[WHAT TO WORK ON] Please copy only the material from the line that has "الشيخ محمد بن" to the very last line, both ends included, exactly as written and without pictures.

[MATERIAL FOR THIS TASK]
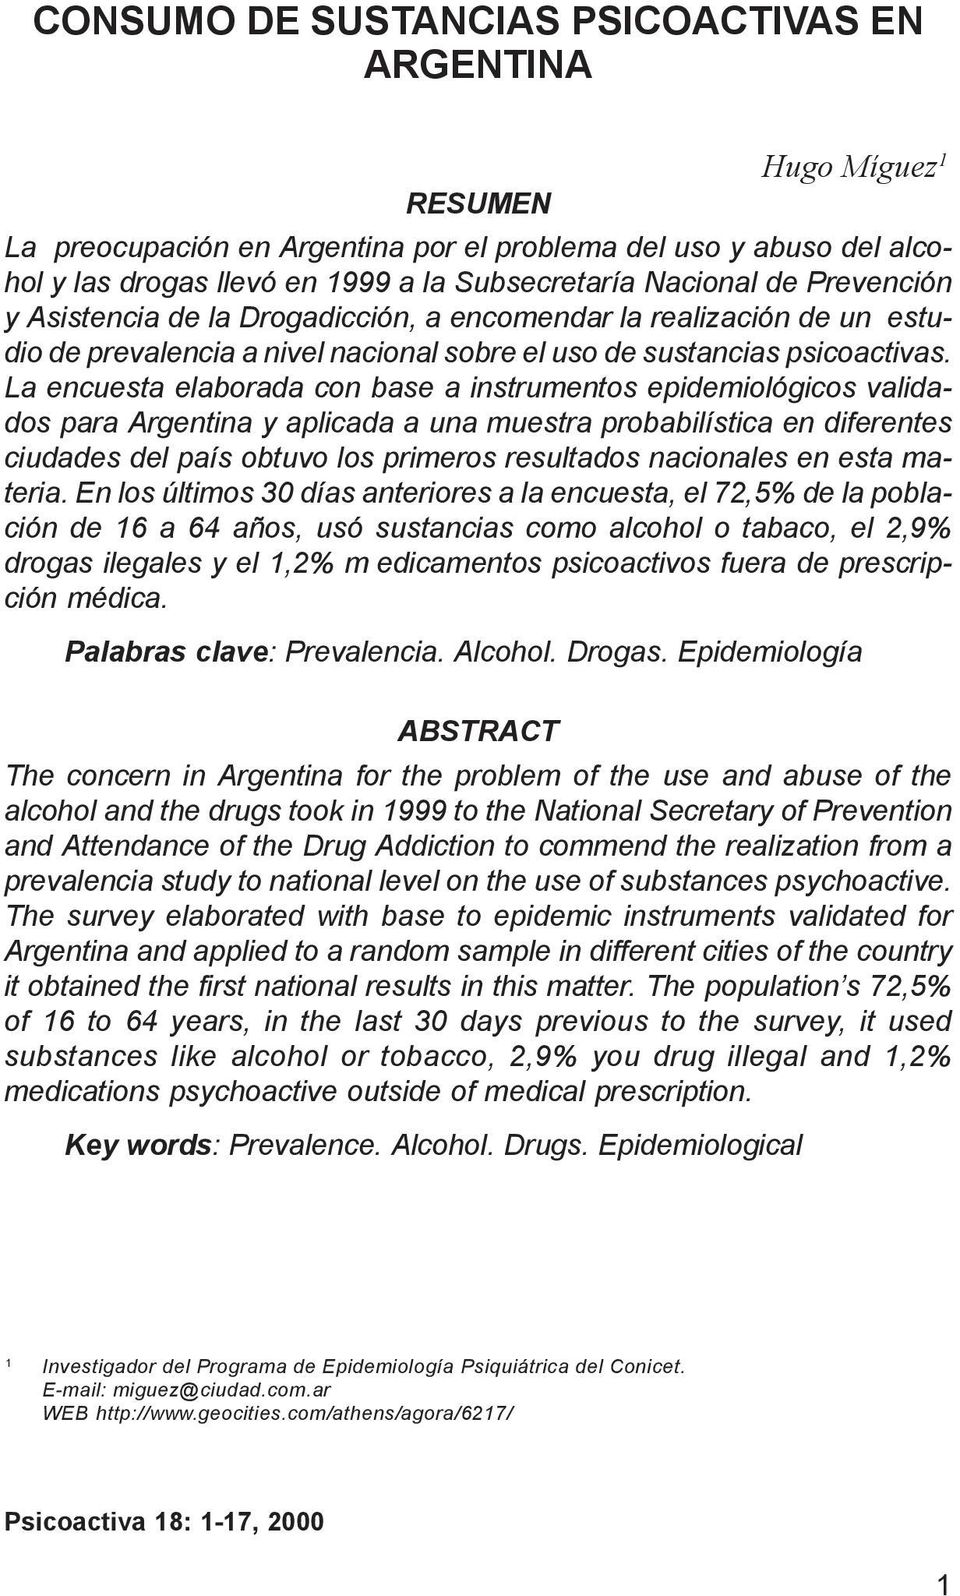 La encuesta elaborada con base a instrumentos epidemiológicos validados para Argentina y aplicada a una muestra probabilística en diferentes ciudades del país obtuvo los primeros resultados
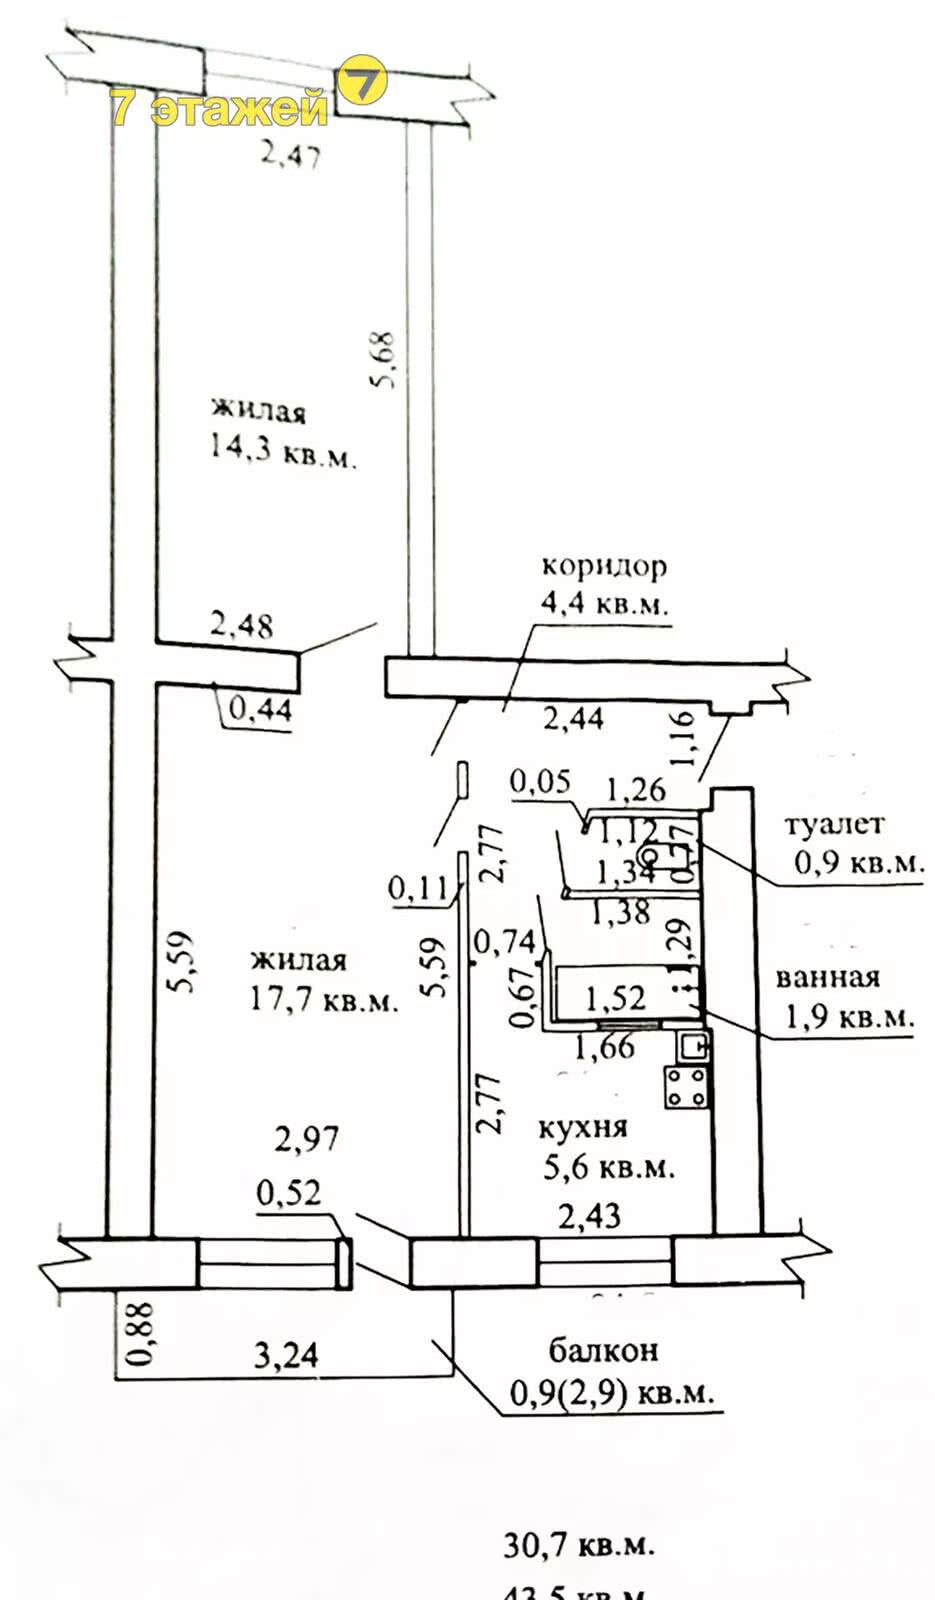 Цена продажи квартиры, Уречье, ул. Лесная, д. 114
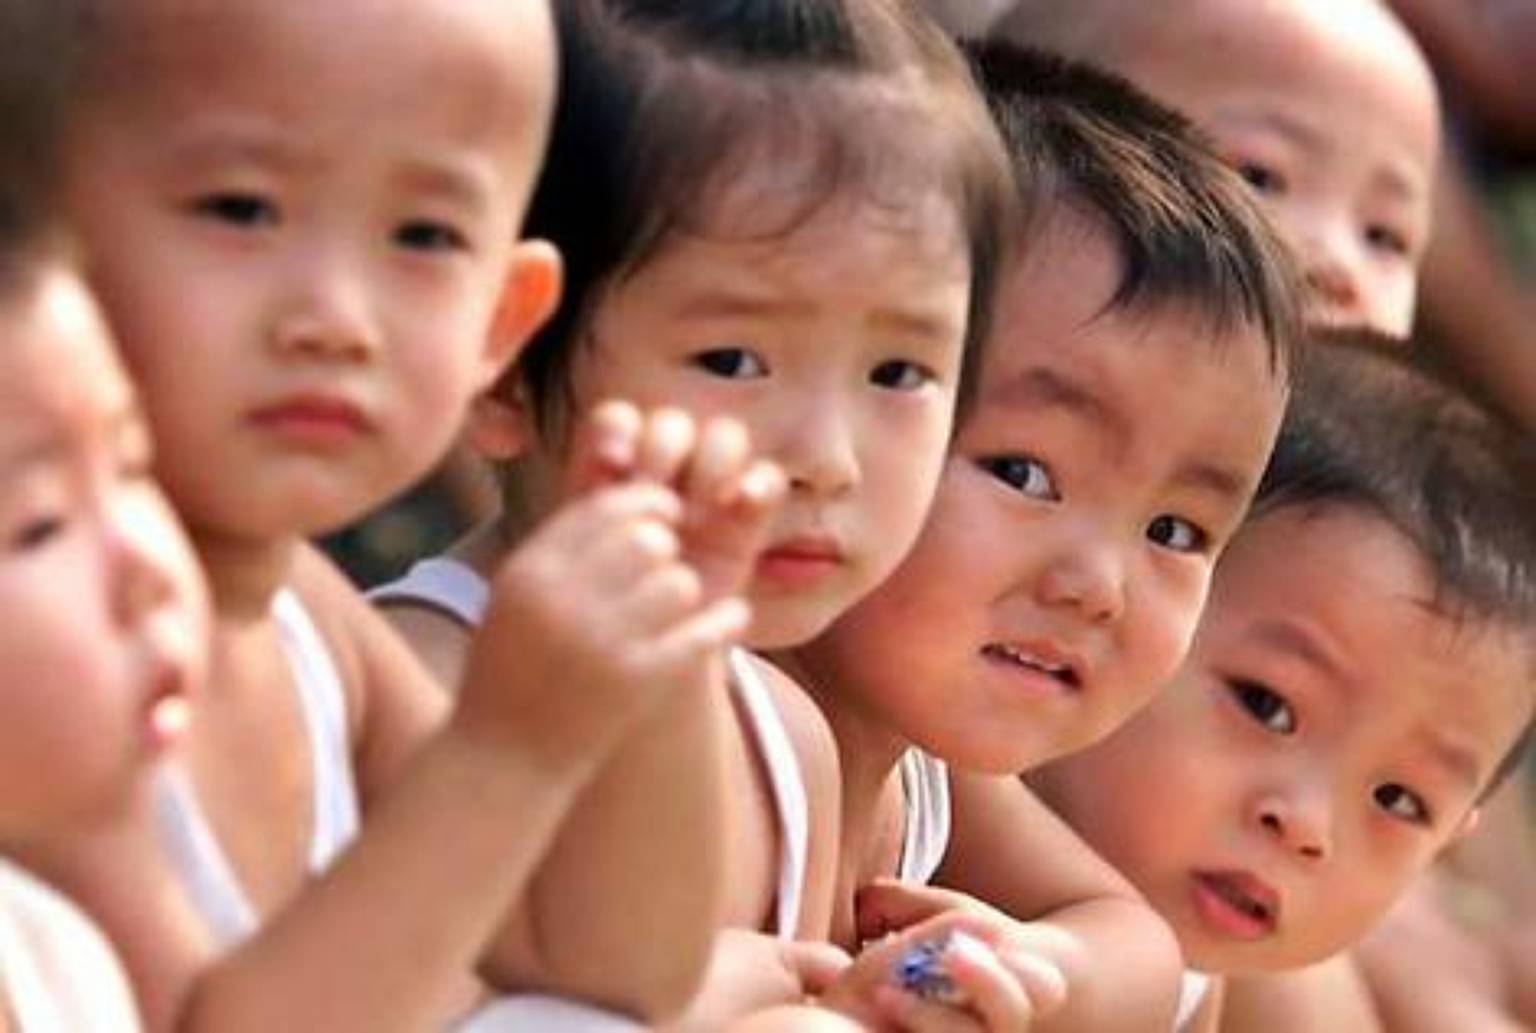 Tin đồn xảy ra bắt cóc trẻ em ở độ tuổi mẫu giáo tại Văn Quán, Hà Đông, Hà Nội khiến dư luận xôn xao
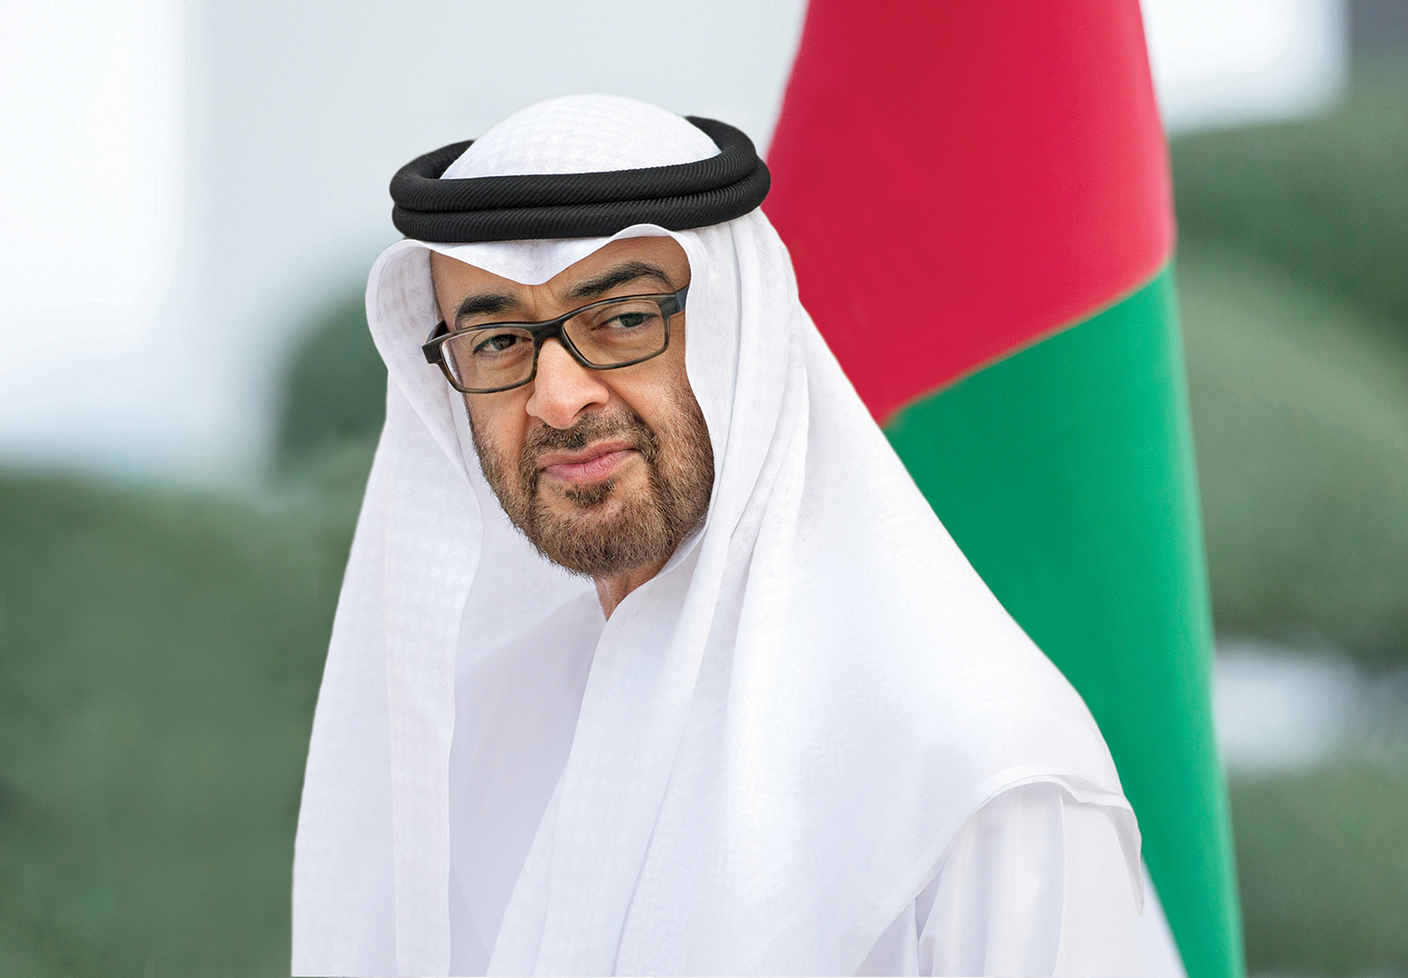 الشيخ محمد بن زايد آل نهيان، رئيس الامارات العربية المتحدة (وام)
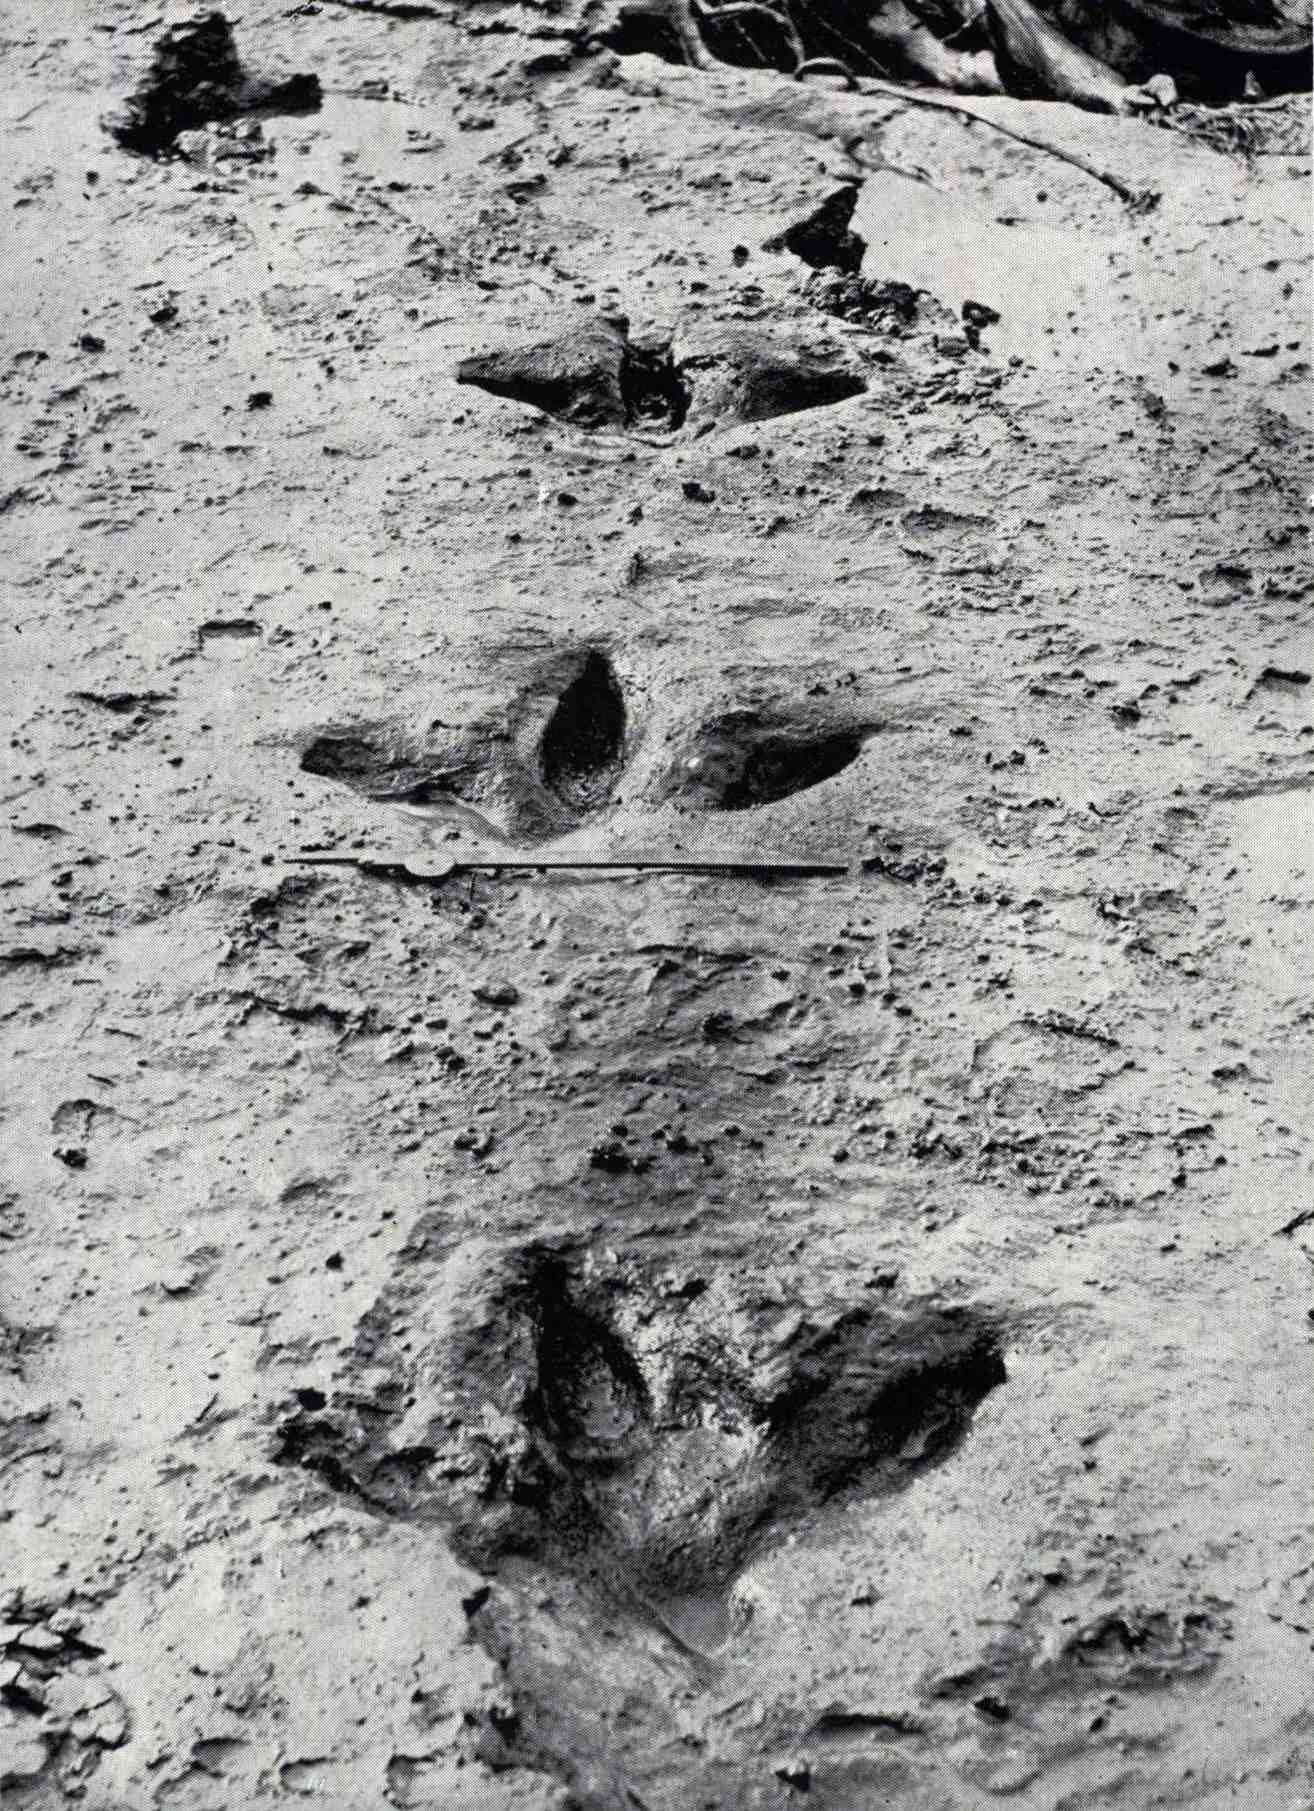 Tyto stopy Dinornis robustus byly odhaleny v srpnu 1911, když povodeň v řece Manawatū smetla modrou hlínu, která je pokryla a zachovala. Ukazují, že moa měl tři silné prsty směřující dopředu a na rozdíl od většiny ostatních ptáků nadřádu běžci malý zadní prst.

[SOLUTION FOR THIS TASK]
 الشيخ محمد بن زايد آل نهيان، رئيس الامارات العربية المتحدة (وام)
 Tyto stopy Dinornis robustus byly odhaleny v srpnu 1911, když povodeň v řece Manawatū smetla modrou hlínu, která je pokryla a zachovala. Ukazují, že moa měl tři silné prsty směřující dopředu a na rozdíl od většiny ostatních ptáků nadřádu běžci malý zadní prst.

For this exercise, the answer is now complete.